- Participating broadcaster: Algemene Vereniging Radio Omroep (AVRO)
- Country: Netherlands
- Selection process: Junior Songfestival 2007
- Selection date: 6 October 2007

Competing entry
- Song: "Adem in, adem uit"
- Artist: Lisa, Amy & Shelley
- Songwriters: Amy Vol; Lisa Vol; Shelley Vol;

Placement
- Final result: 11th, 39 points

Participation chronology

= Netherlands in the Junior Eurovision Song Contest 2007 =

2007 Junior Eurovision participation

The Netherlands was represented at the Junior Eurovision Song Contest 2007 with the song "Adem in, adem uit", written by Amy Vol, Lisa Vol, and Shelley Vol, and performed by themselves as Lisa, Amy & Shelley. The Dutch participating broadcaster, Algemene Vereniging Radio Omroep (AVRO), selected its entry for the contsest through Junior Songfestival 2007, a national final consisting of 10 songs spread out into two semi-finals and a final.
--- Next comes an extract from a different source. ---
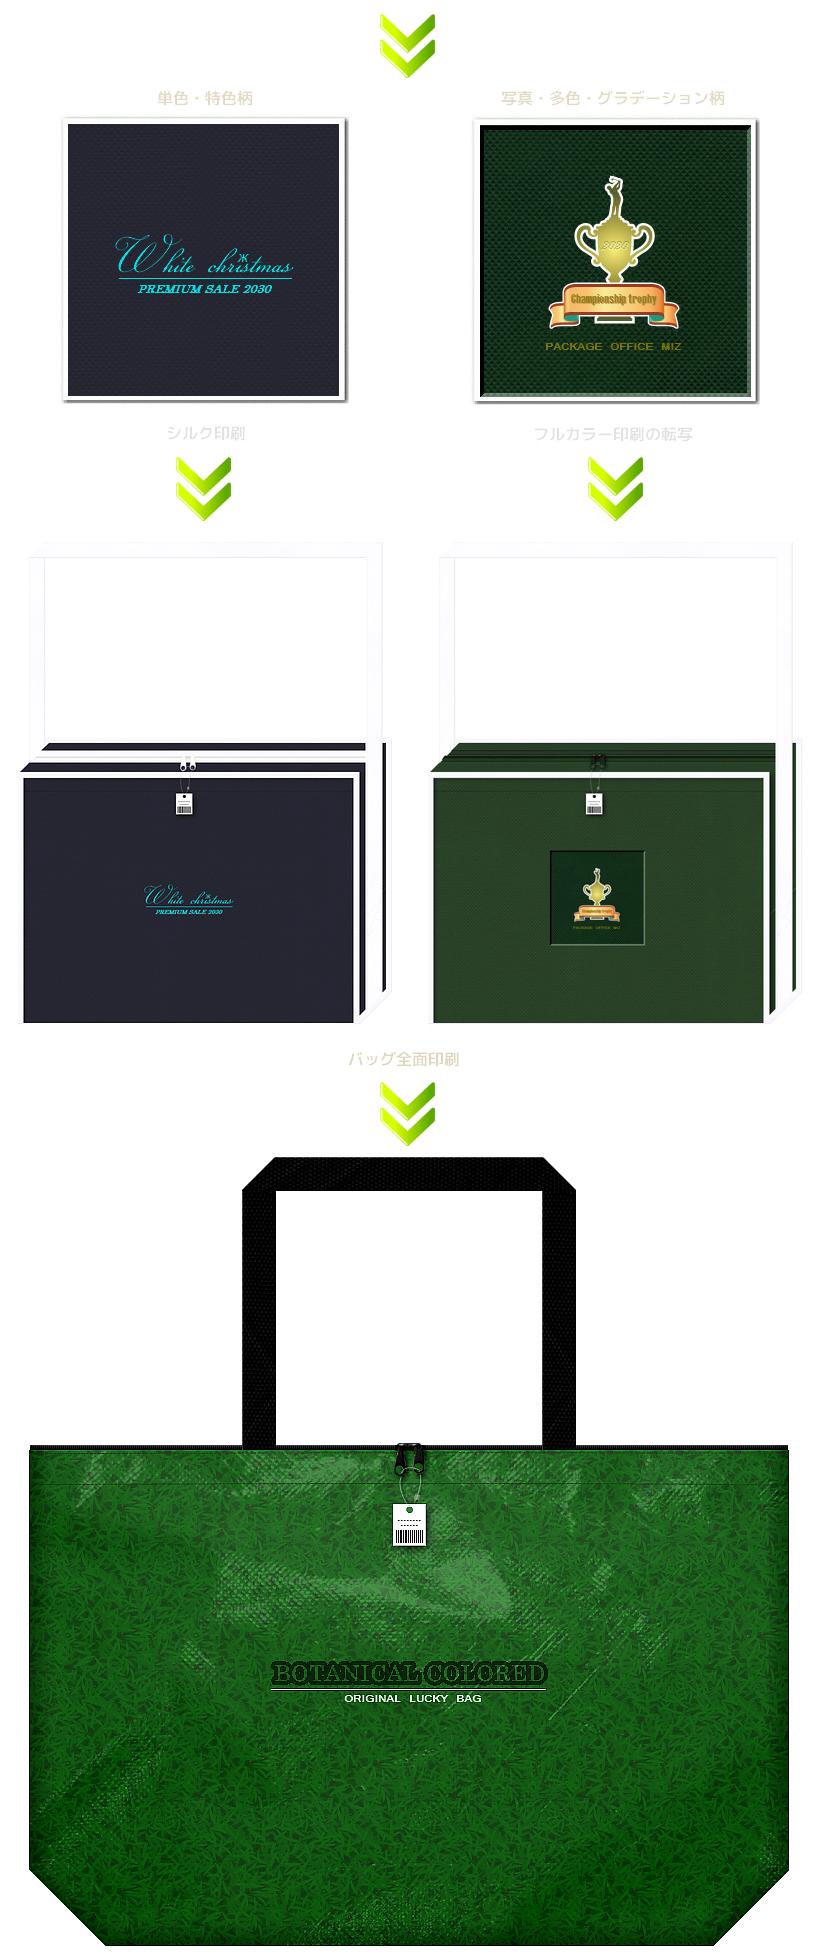 不織布福袋の印刷方法:シルク印刷とフルカラー転写の2種類よりお選びいただけます。

In addition, AVRO was also the host broadcaster and staged the event at the Ahoy Arena in Rotterdam.

==Before Junior Eurovision==

===Junior Songfestival 2007===
The final consisted of two semi-finals and one final. Each semi-final had 5 songs, with 2 advancing to the final. A wildcard was given to one song, which was then allowed to go to the final.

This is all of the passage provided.